Let us also examine an interesting special case reputation scheme where we are allowed only to assign “high” and “low” reputations. More formally, let \(R \in \{1,x\}^n\) for some \(x>1\), where we call such schemes “restricted reputations”. Unfortunately, the next theorem shows that finding a scheme with optimal \(\alpha \) remains \(\mathsf{NP}\)-hard when we are given a bound W on social welfare of a core-stable coalition structure (but not the exact optimum \(S^*\)). This is a weaker assumption than providing an optimal coalition structure directly as in the previous theorem. However, the result applies even for matching with \(k=2\), where existence of a solution with welfare at least W can be decided in polynomial time. Hence, the difficulty does not lie in finding a good coalition structure but it is again inherent to the correct assignment of reputations.

Theorem 3

Given a positive rational number \(x>1\) and a bound on social welfare \(W > 0\), it is NP-hard to decide whether there exist restricted reputations that results in a core-stable coalition structure S with \(w(S) \ge W\). This holds even for instances with \(k=2\).

Corollary 3

For both restricted and general reputations, the following problems are NP-hard: (1) Given \(W>0\), find the \(\alpha \)-bounded core-stable coalition structure S with minimum \(\alpha \) such that \(w(S)\ge W\); and (2) given \(\alpha >0\), find the \(\alpha \)-bounded core-stable coalition structure with maximum social welfare.

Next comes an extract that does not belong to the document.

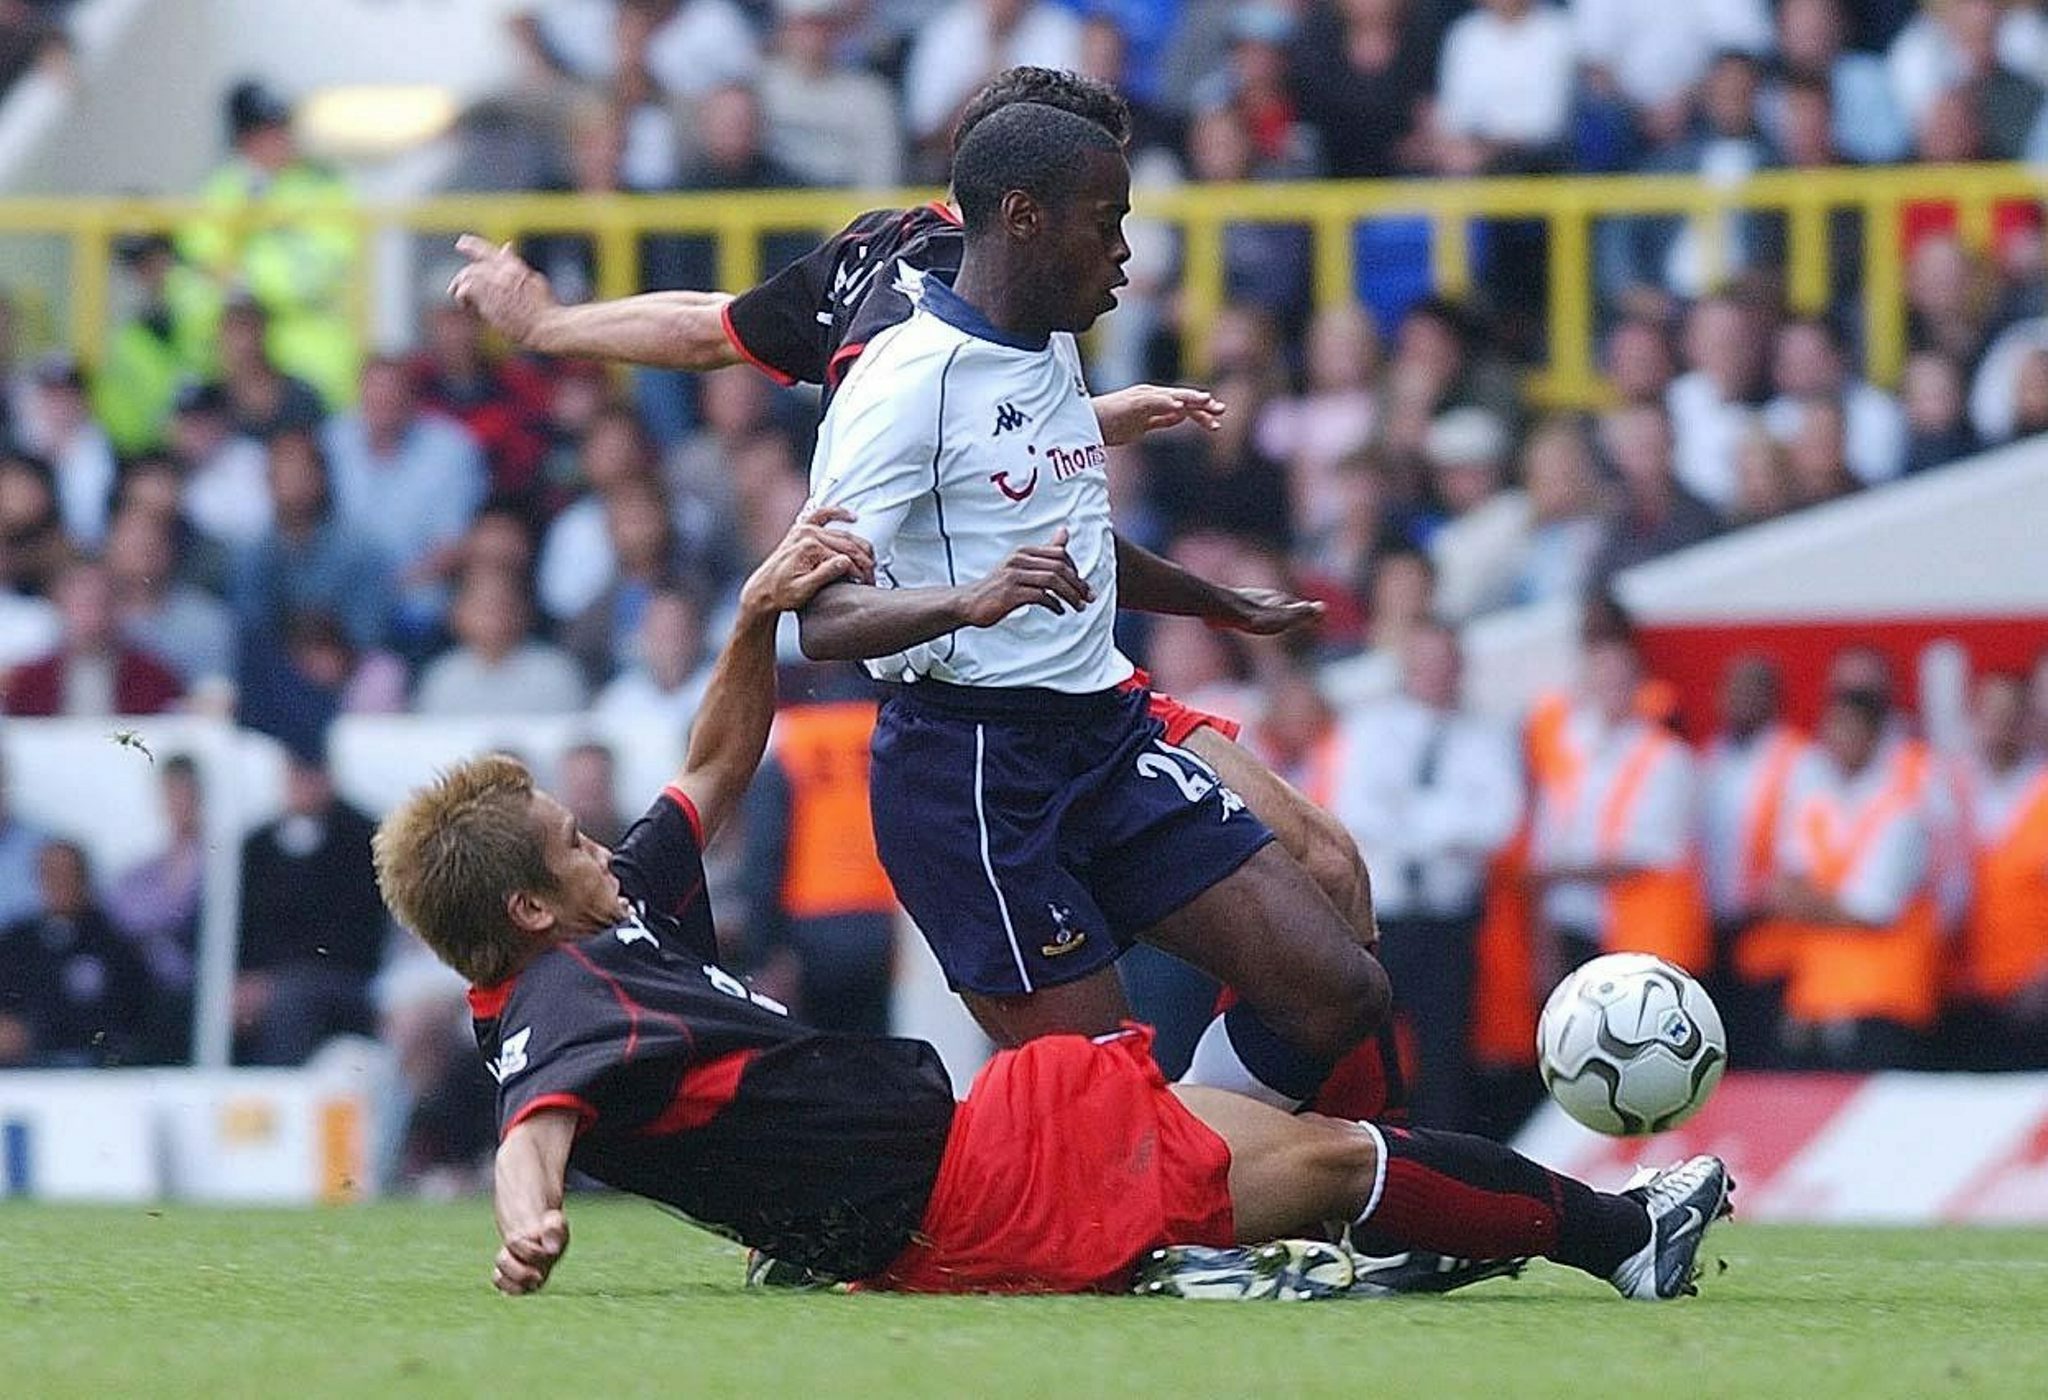 Rohan Ricketts in action for Tottenham Hotspur in 2003. Ricketts made 48 appearances for Spurs from 2002 to 2005. Photo: EPA

For restricted reputations, we might not be able to stabilize the optimal coalition structure. The final result lower bounds the PoS in terms of parameter x.

Proposition 6

For \(x>1\), there are classes of instances such that for every restricted reputation scheme \(R \in \{1,x\}^n\) (1) the PoS is at least \(\frac{4}{x+1}\); and (2) the PoS is at least \(2-\frac{4}{x+3}\).